Before the Badlands and right after Murdo—where a toothless man and his “not so bright” brother checked us into the rose-papered DAKOTA LODGE INN,—we drove through a “ghost town” called Okaton. Some 100 years ago it was a railroad town and when they shut down the railroad Okaton shut down too. In the ‘50s some entrepreneurial idiot bolstered by the post-war economic boom decided it would be a good roadside attraction, and did it up: painted “GHOST TOWN GENERAL STORE” and “SALOON” etc in large red letters. Eventually that crumbled into disrepair too, so by the time we came around to see what it was all about Okaton was made up of buildings sparse and sinking into the ground; time and gravity had taken their toll on that makeshift lumber which was never meant to last. 


But Okaton was beautiful. Planted on a county sideroad between wide swaths of green land with blackbirds moving all around, and as we drove in there was a brown cow, and a dog barking wild. On one of the buildings there was a cowboy mural, partially peeling teal and maize painted, faded but he was staring at us still stoic and calm. Beyond the old railroad tracks the ground dropped away and while we were looking over that vista of Real America a man came out of what must have once been a gas station to see what we were all about. 


He wore a red flannel shirt with a hole in the belly, and a long white beard. He told us he was born in Alabama and lived in California most of his life but came out to Okaton some 15 years or so ago because you don’t need money in Okaton. I told him we were heading to Mount Rushmore for the Fourth of July, that we had just learned there weren’t going to be any fireworks this year. I said something about Joe Biden’s America. He said something about how the veterans don’t like fireworks, and so that was alright with him. He was a real American and he liked his life. I wish that I had asked him his name, but he seemed like a private person and I didn’t want to be rude.

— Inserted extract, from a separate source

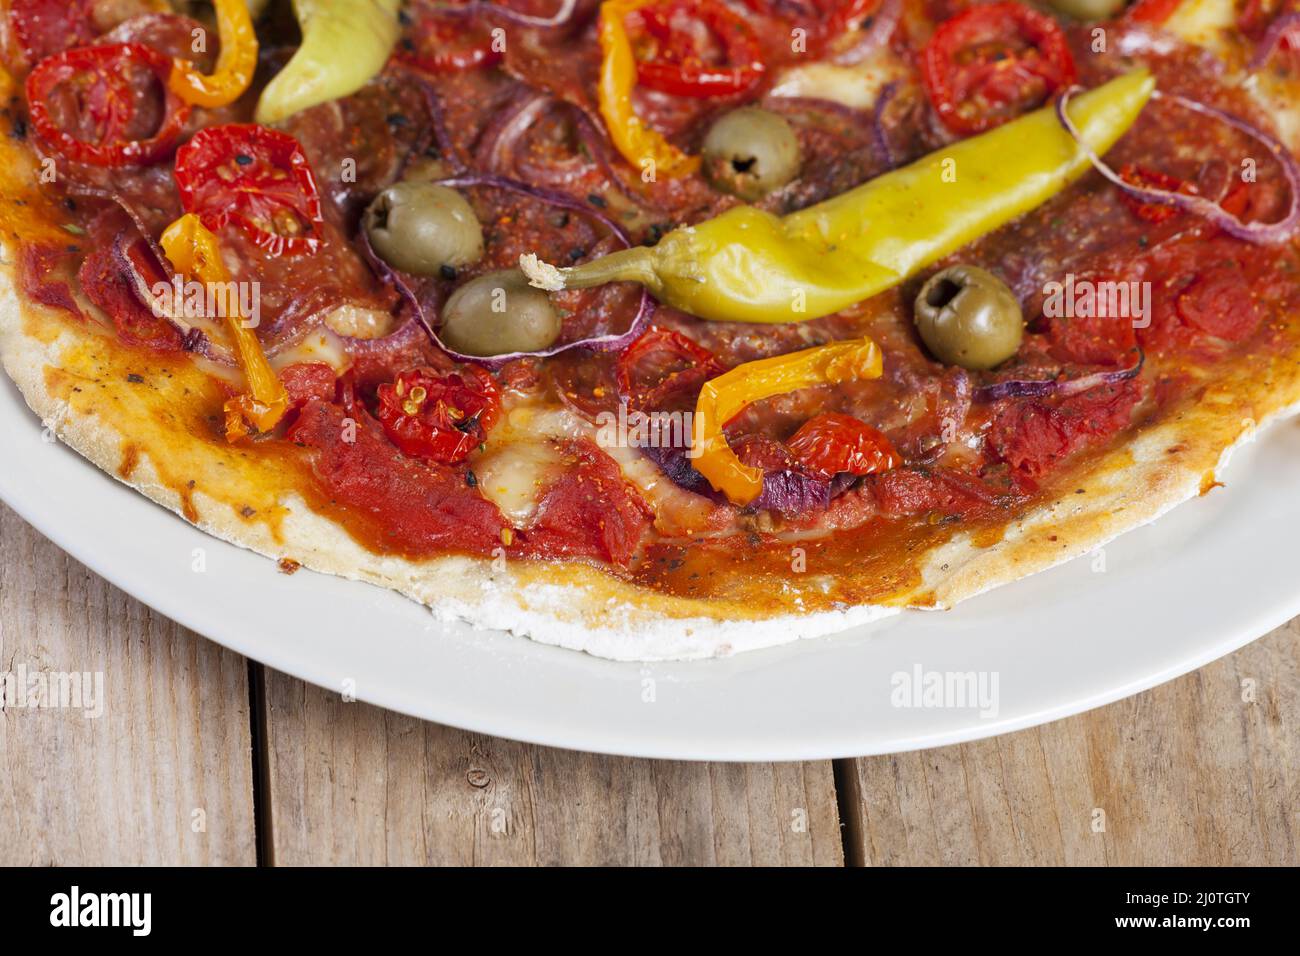 Detail of a pizza with pepperoni Stock Photo

There are plenty of Real Americans in the middle of this country. I’ve met a few of them. I used to think you knew them when you saw them. Sometimes you do, but sometimes people surprise you. At a bar in Cody, Wyoming I spent the better part of 45 minutes talking to Carter, who I was giving lots of attention on account of I thought he was a Real American. I was trying to have a dialectic with Carter, who’s about my age and does hard work on the oil fields. I told him I thought that was a real job, and that I understood his assessment that it didn’t seem fair that the immigrants and unemployed were taking all of his money away. I was being empathetic and a good listener. I was listening so well and understanding so well that I thought maybe he would let me say something about how the rich people were the problem. That backfired because it turned out his parents were multimillionaires in Texas. He himself would possess millions once he came into his trust fund. His parents got their money from guns. No kidding. 


So I asked Carter, “Carter, if your parents are so rich, why are you working on the oil fields? It seems like such hard work. You could do something else, you don’t even have to work.” But Carter wanted to work. Carter hated unemployed people and people who didn’t work for a living. And just when I was starting to like him again, he started being much too persistent in wanting to sleep with me and when I said no thanks he called me stupid for being a Jew and looked at me with hate. Then he wouldn’t listen to me at all. 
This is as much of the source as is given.